Aim of the exercise | Pictures are to be left out; every line from the one that holds "Eagles outlast Patriots" to the end of the data is to be retyped exactly.

━━ Given information ━━

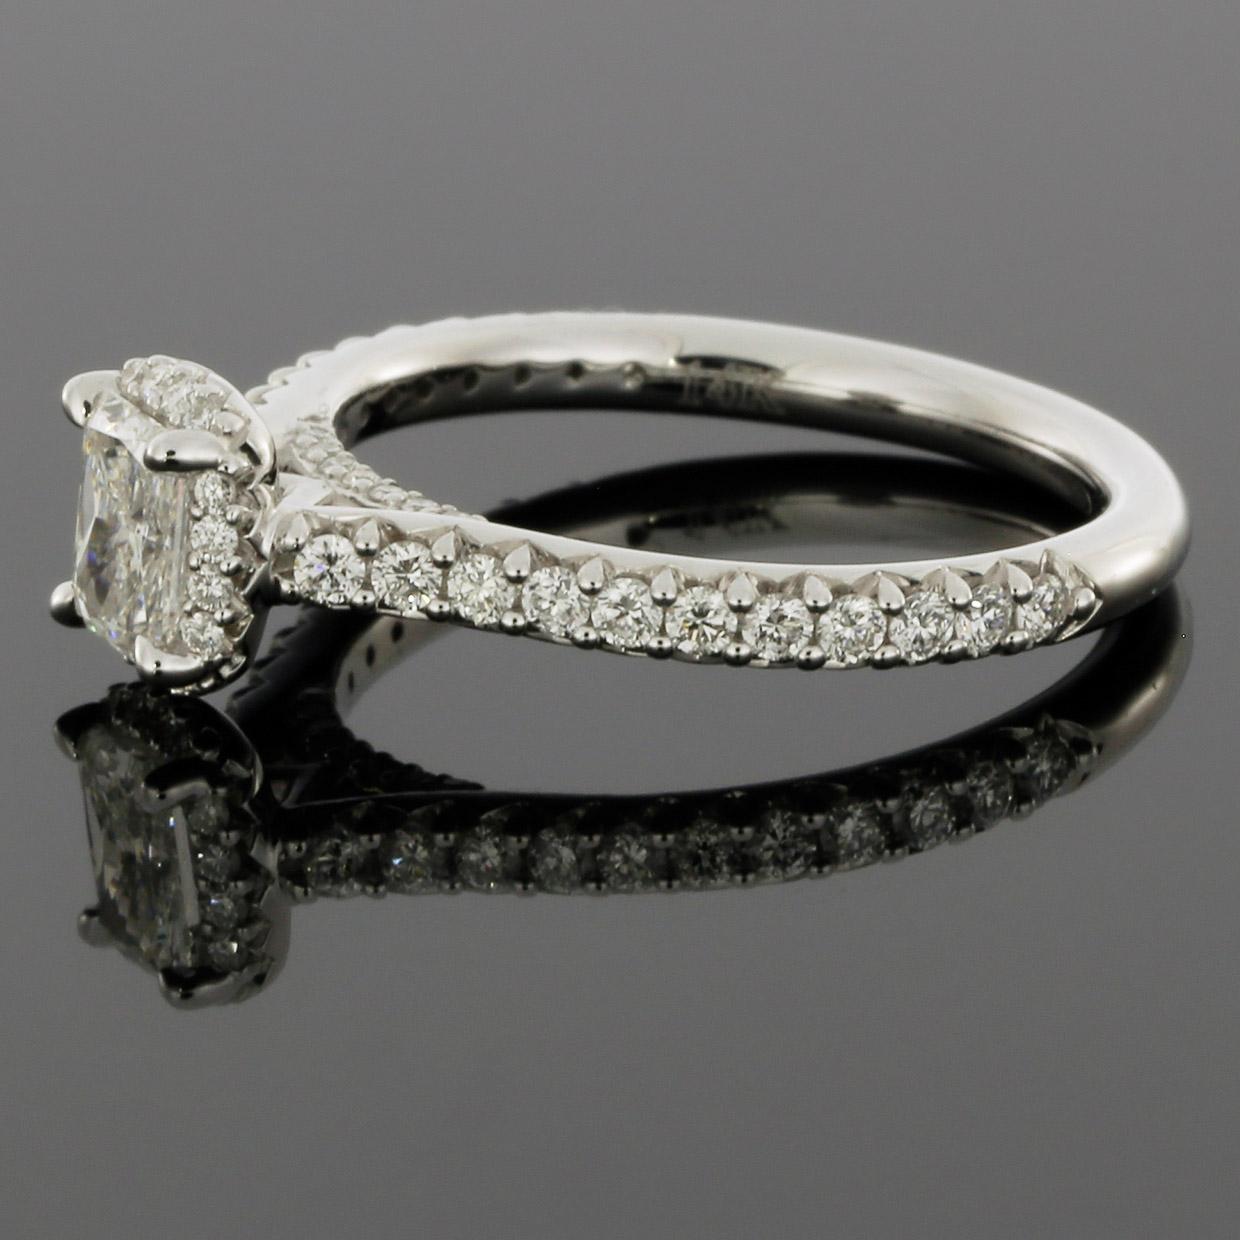 White Gold 0.96 Carat Radiant Diamond Halo Engagement Ring In Excellent Condition For Sale In Columbia, MO
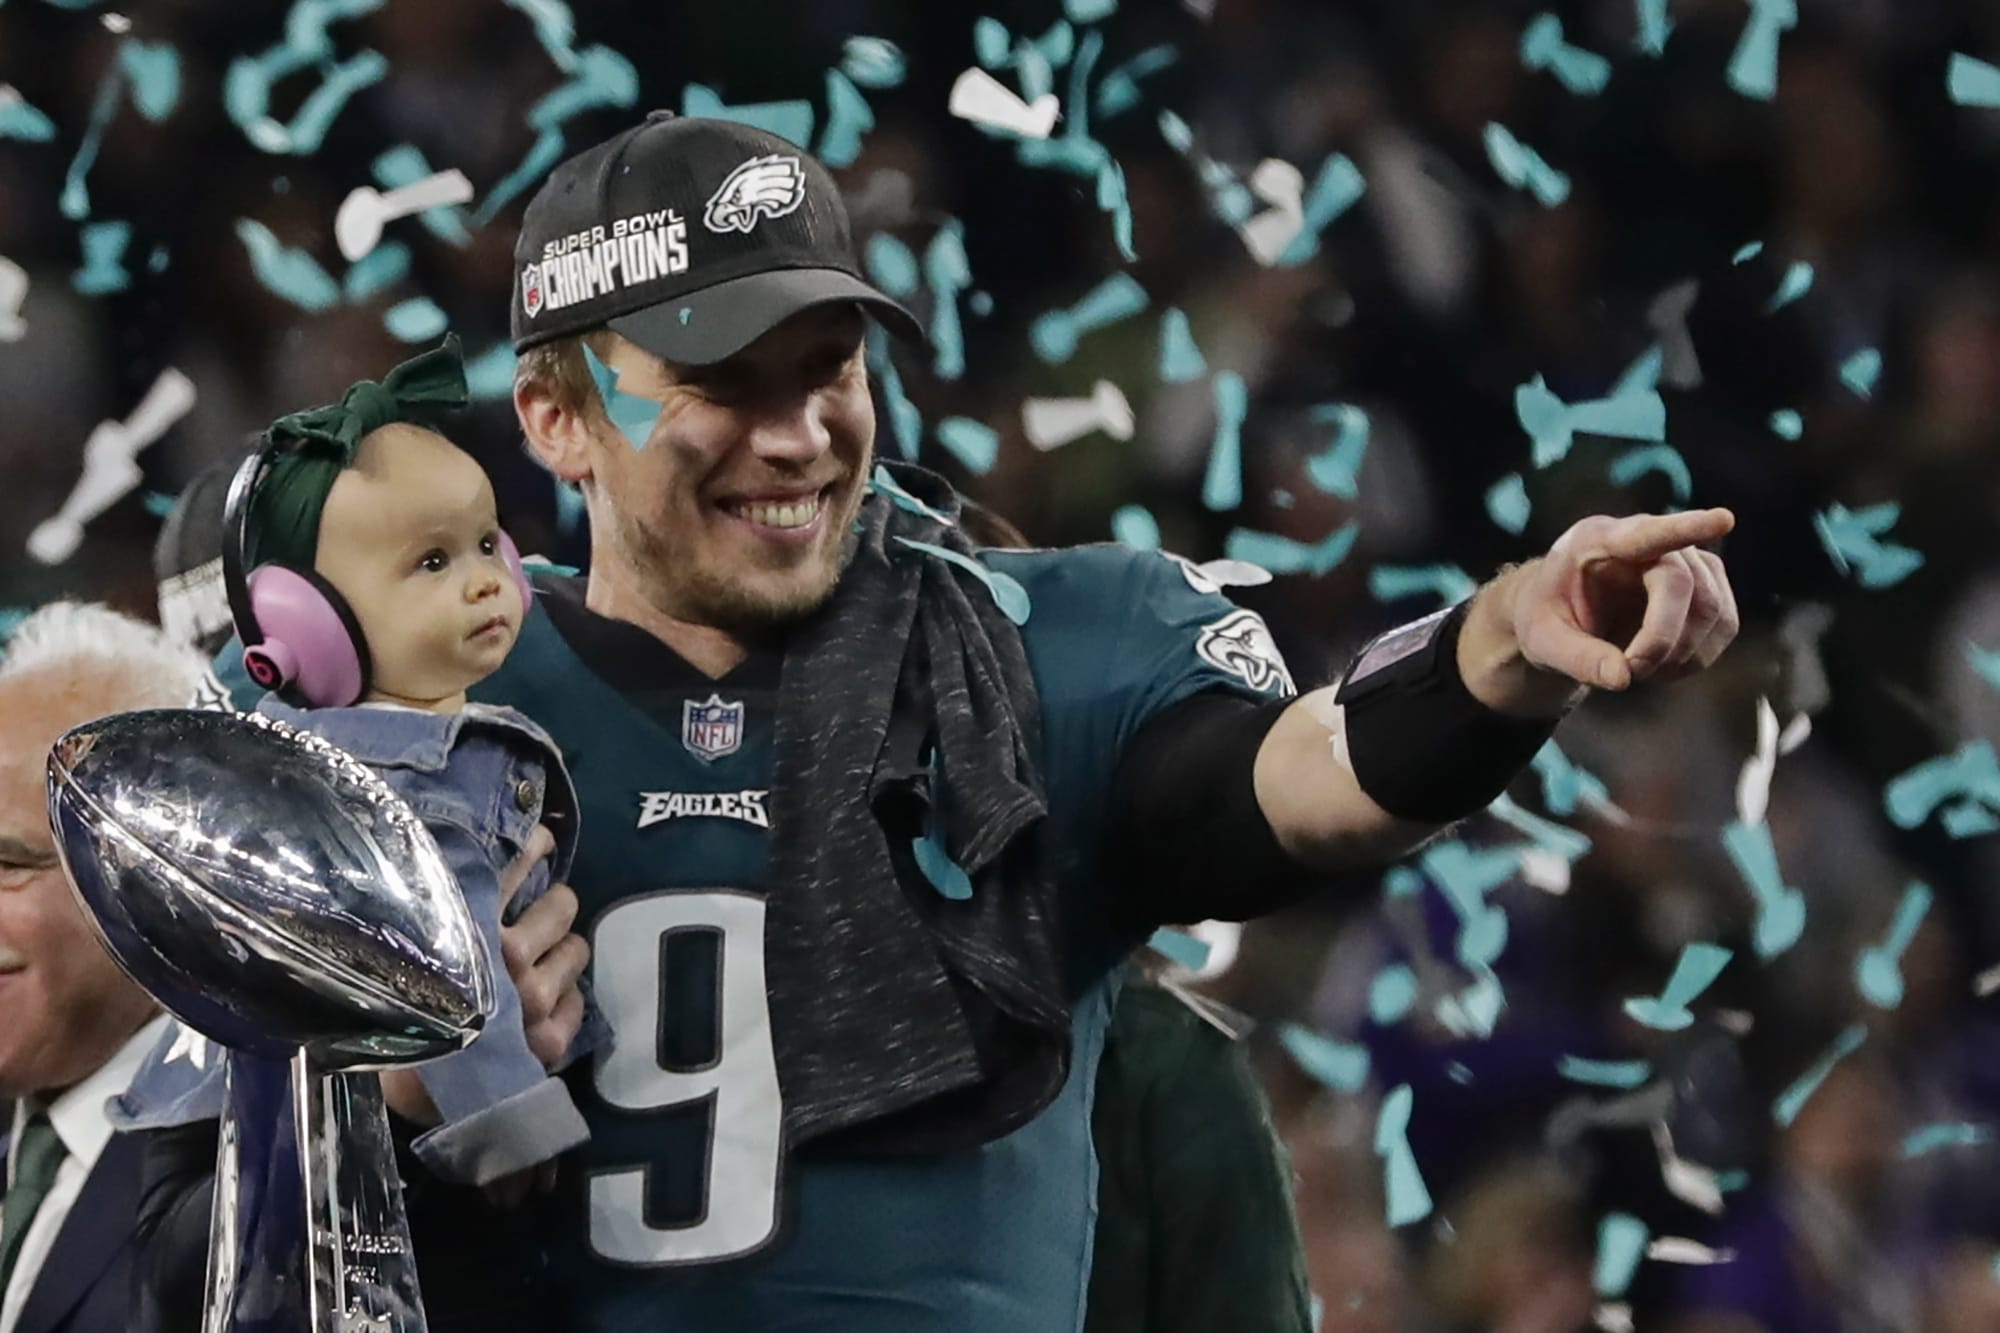 Eagles outlast Patriots for 1st Super Bowl, 41-33 - The Columbian
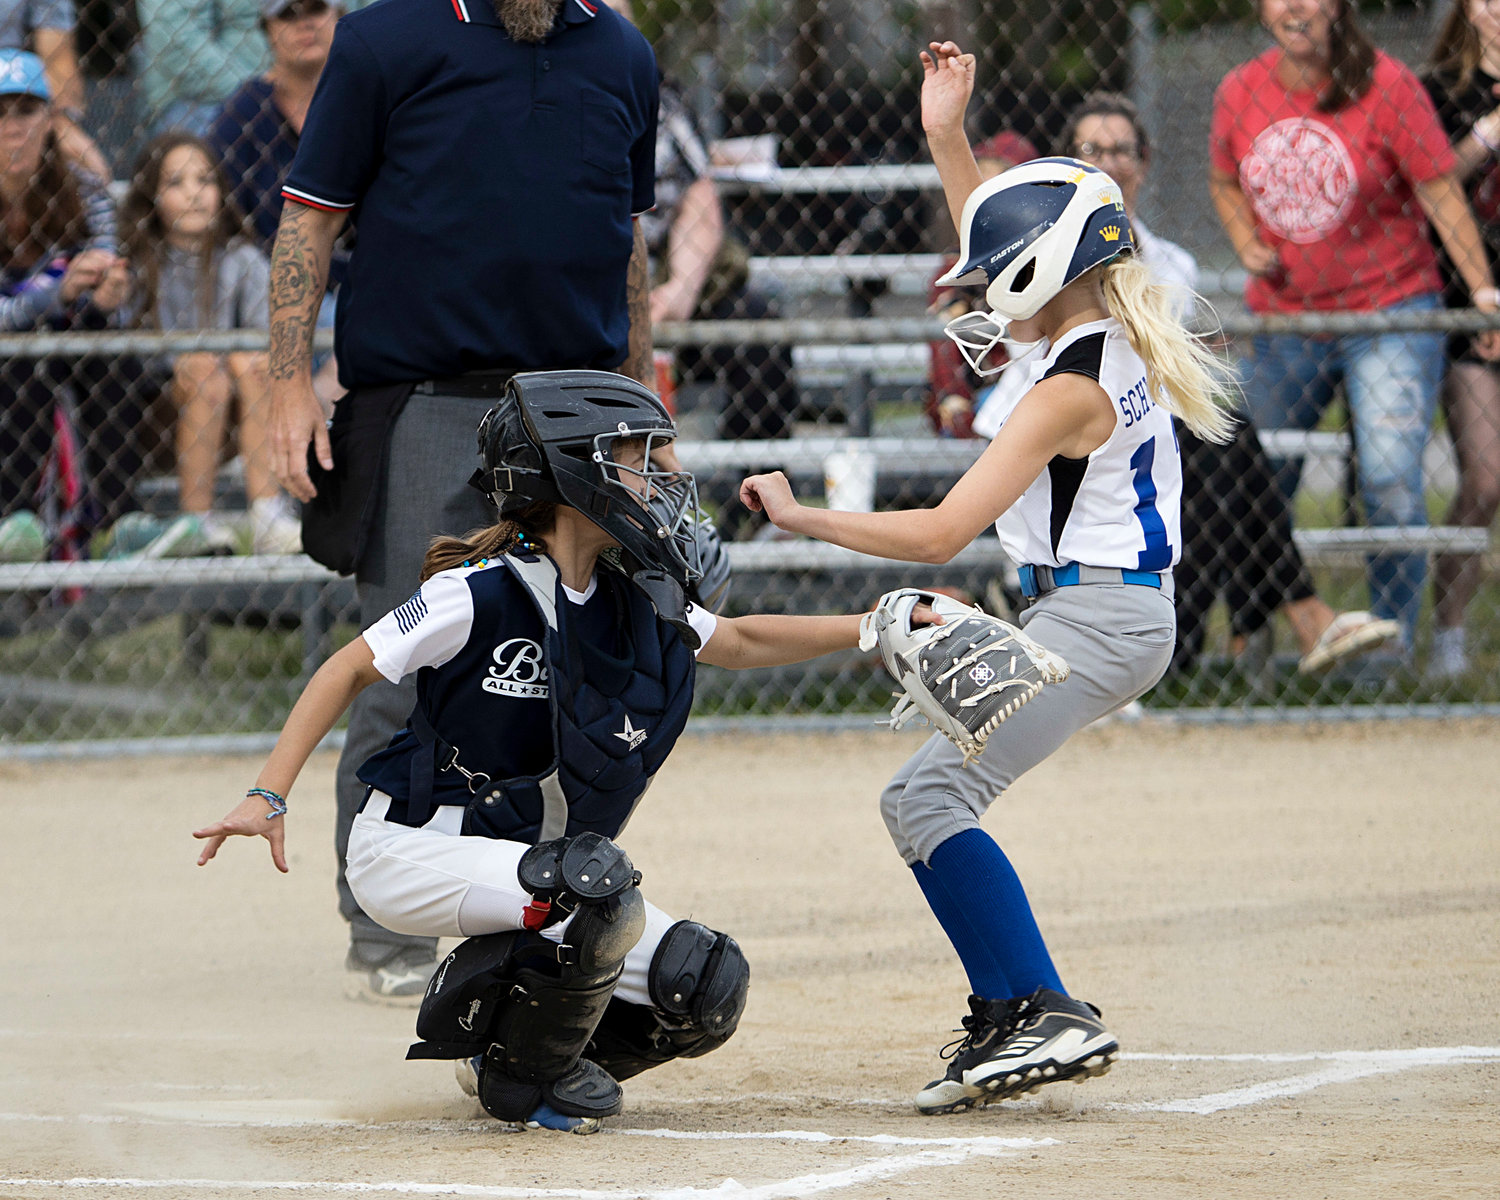 Angie Promades tags a Middletown runner at home plate.

━━━

Solution for this exercise |
 Eagles outlast Patriots for 1st Super Bowl, 41-33 - The Columbian
 Angie Promades tags a Middletown runner at home plate.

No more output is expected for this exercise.